Phishing is where the scammer tries to obtain sensitive information such as logins,  passwords and payment card details by pretending to be a trustworthy organisation e.g. your bank or local council or a major retailer.

This kind of attack is usually carried out by email or instant messaging and often directs the user to enter confidential information at a fake website, which looks identical to the expected legitimate site.

When phishing is targeted at specific individuals or companies, then it is called “Spear Phishing”.

How Spear Phishing Works

For example. An email arrives, claiming to be from a trustworthy source and the sender knows your full name, job title and department for example. The scammer has done their homework to get this information about you to give the scam a higher chance of success.

A link in the message takes you to a bogus website made to look like the expected website.

The fake website looks legitimate but only exists to take the users confidential information and pass it to the scammer.

These emails often use clever tactics to get victims’ attention. For example, the FBI has warned of spear phishing scams where the emails appeared to be from the National Centre for Missing and Exploited Children.

Cyber criminals employ individually designed approaches and social engineering techniques to effectively personalise messages and websites. As a result, even high-ranking targets within organisations, like top executives, can find themselves opening emails they thought were safe.
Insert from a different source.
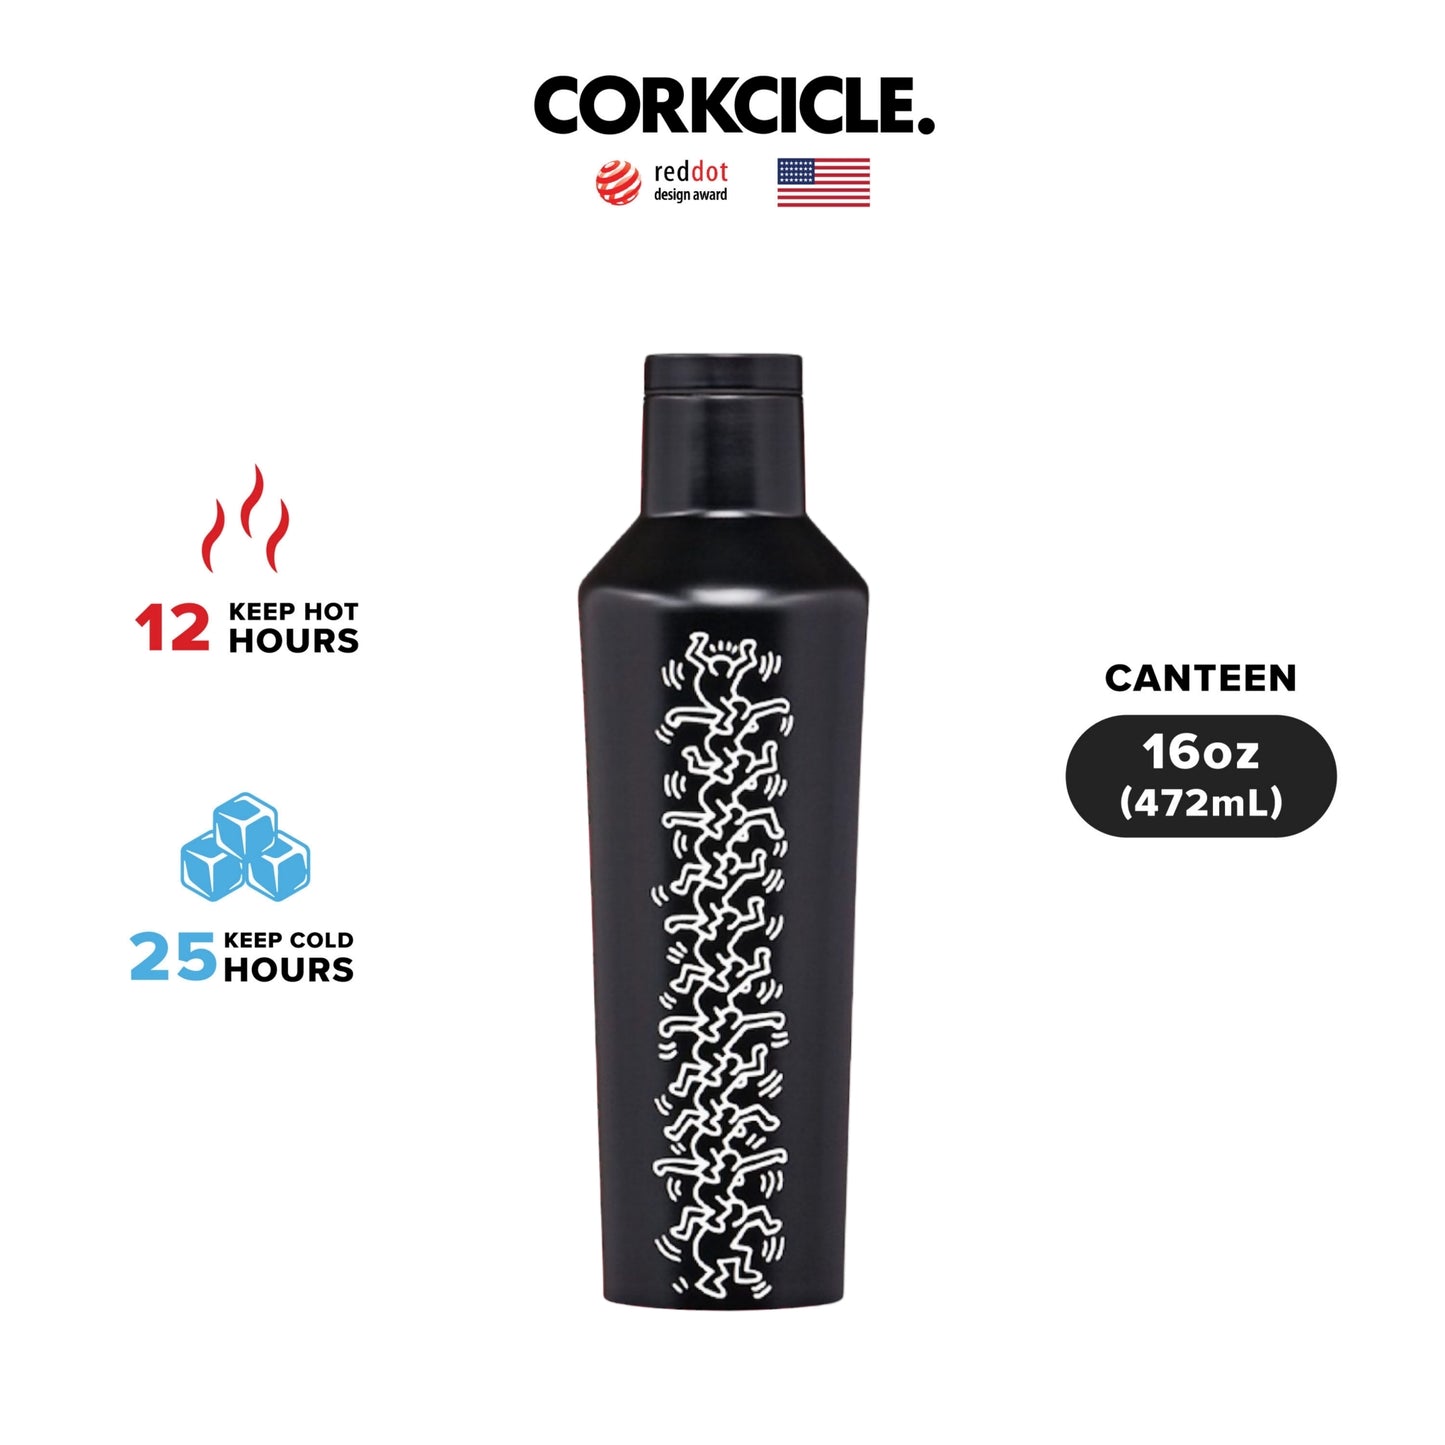 CORKCICLE : CANTEEN PEOPLE STACK KEITH HARING 16 OZ

That slip-up enables cyber criminals to steal the data they need in order to attack their networks.

How to Protect Yourself

Attackers utilize various social engineering techniques that leverage recent events, work-related issues, and other areas of interest pertaining to the intended target.  Don’t publish any private information about yourself.

Training employees to spot misspellings, odd vocabulary, and other indicators of suspicious mails may reduce the chance of people being caught out by these scam attacks.